Psycholoog B. Keith Payne onderzocht hoe impliciete vooroordelen dodelijke gevolgen kunnen hebben. Hij en zijn collega’s vroegen vrijwilligers om een computersimulatie te spelen waarin ze schieten op mensen die wapens vasthouden, terwijl ze afzien van het schieten op mensen die onschuldige voorwerpen vasthouden, zoals een handgereedschap.
Over meerdere studies heen zijn deelnemers significant meer geneigd om in de simulatie te schieten op zwarte mannen die onschuldige voorwerpen vasthouden dan op blanke mannen die dezelfde dingen vasthouden. In deze studies maken zwarte deelnemers dezelfde dodelijke fouten als hun blanke tegenhangers.
Het kortsluiten van de mentale snelkoppelingen
De mentale snelkoppelingen in het brein van mensen worden voornamelijk gestructureerd door de samenleving. En als je Amerikaan bent, neemt je brein van jongs af aan waar, al dan niet bewust, dat de kansen in het voordeel van blanken zijn.

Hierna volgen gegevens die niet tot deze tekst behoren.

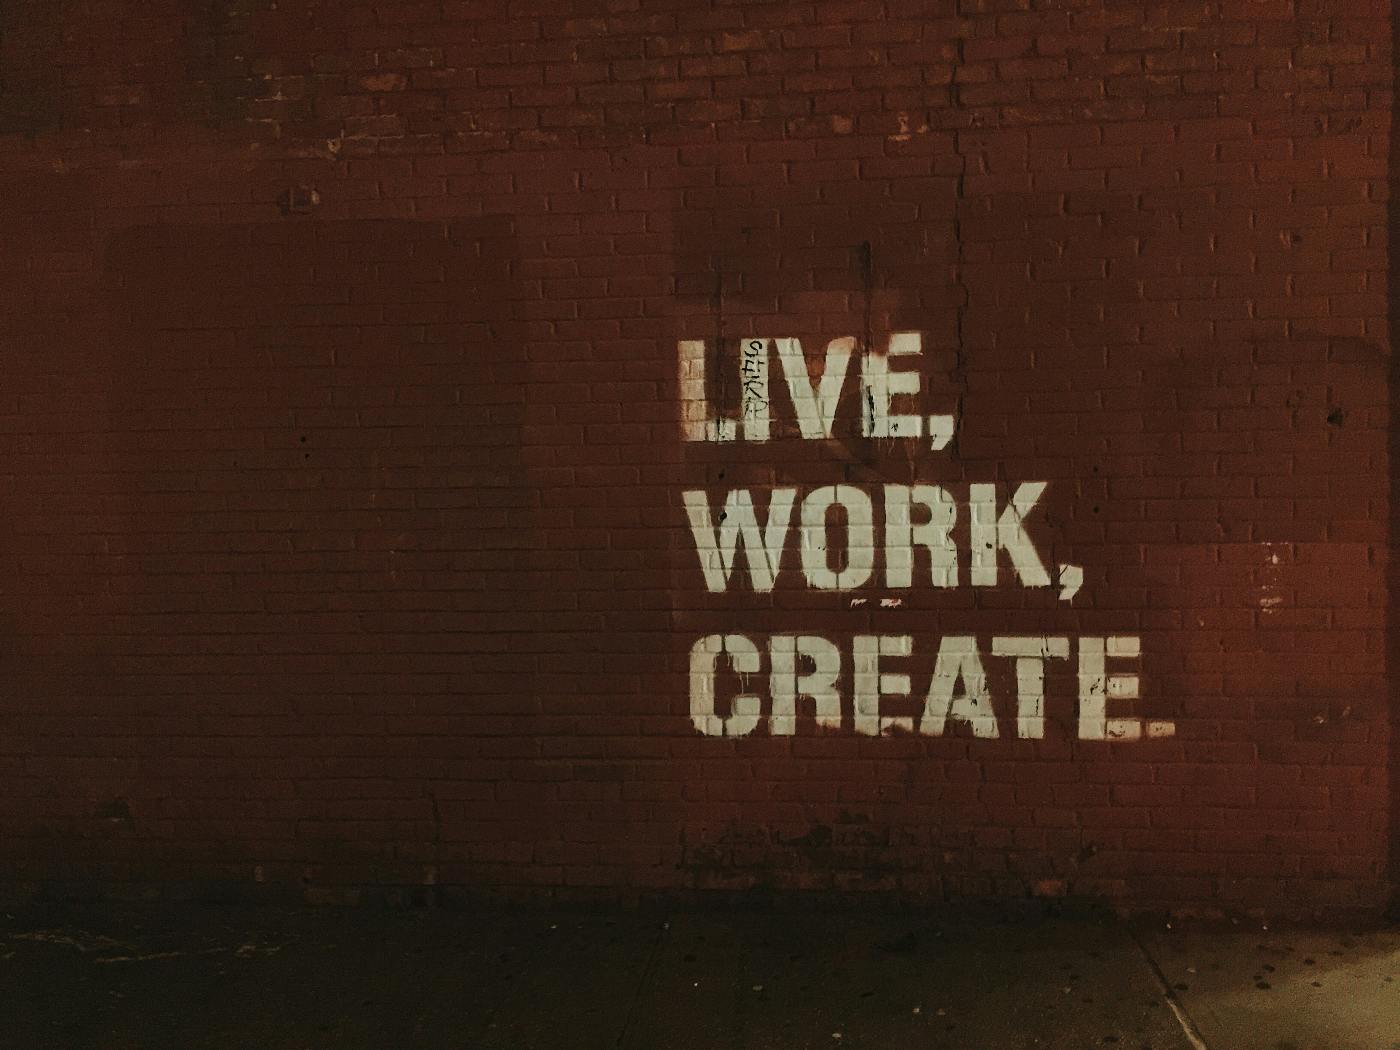 A brick wall with Live, Work, Create apinted on it.

Je brein merkt details op zoals dat blanken meer toegang hebben tot goed onderwijs, goede gezondheidszorg en goedbetaalde banen. En elke dag, uit het nieuws, entertainment en sociale media, absorbeert je geest beelden van minderheden die worden afgeschilderd als criminelen, bendeleden en profiteurs. Na verloop van tijd begint je geest onbewust minderheden als inferieur te categoriseren.
Hoe deprimerend dit proces ook mag klinken, niet alles is verloren. Naast een natuurlijke neiging om mentale sluipwegen te nemen en verdachter te staan tegenover mensen uit groepen die anders zijn dan de uwe, heeft de mens een aangeboren vermogen om kritisch te denken en te redeneren. Uw frontale cortex, het gebied van de hersenen dat de meest complexe cognitieve vermogens en gedragsremming mogelijk maakt, is ongeëvenaard in het dierenrijk. Dus, terwijl je hersenen kunnen springen om conclusies te trekken, heb je het vermogen om je onderbewuste neigingen te herconfigureren.
Hoe kun je dit doen?
Op individueel niveau kunt u beginnen met het afbreken van gevaarlijke stereotypen door uw geest kennis te laten maken met meer accurate voorstellingen van onze zeer ongelijke sociale werkelijkheid.
Individueel bewustzijn is noodzakelijk, maar niet voldoende om verandering op maatschappelijk niveau te bewerkstelligen. De enige manier om een mentale constructie zoals racisme permanent te veranderen, is door de fysieke wereld die onze geest informeert, fundamenteel te reorganiseren.
In de Verenigde Staten betekent dit dat de Amerikaanse scholen moeten worden gedesegregeerd, die zestig jaar na Brown v. Board of Education nog steeds ongelijk zijn. Het zou ook de desegregatie vereisen van Amerikaanse buurten, die diep verdeeld zijn langs raciale en etnische lijnen. Deze verschuiving zou ook afhangen van gelijke toegang tot de gezondheidszorg, die voor minderheden een beetje verbeterd is na de invoering van de Affordable Care Act in 2010. Ten slotte zal een echte verschuiving in mentale constructies met betrekking tot ras en etniciteit berusten op gelijke vertegenwoordiging in politieke functies, waar minderheden nog steeds sterk ondervertegenwoordigd zijn.
Mettertijd zullen meer gelijke kansen voor minderheden de impliciete vooroordelen herschrijven die ieder van ons leiden. Tot die tijd zullen de onderbewuste geesten van Amerikanen, evenals onze beslissingen, de verdeeldheid blijven weerspiegelen die we in onze fysieke wereld zien.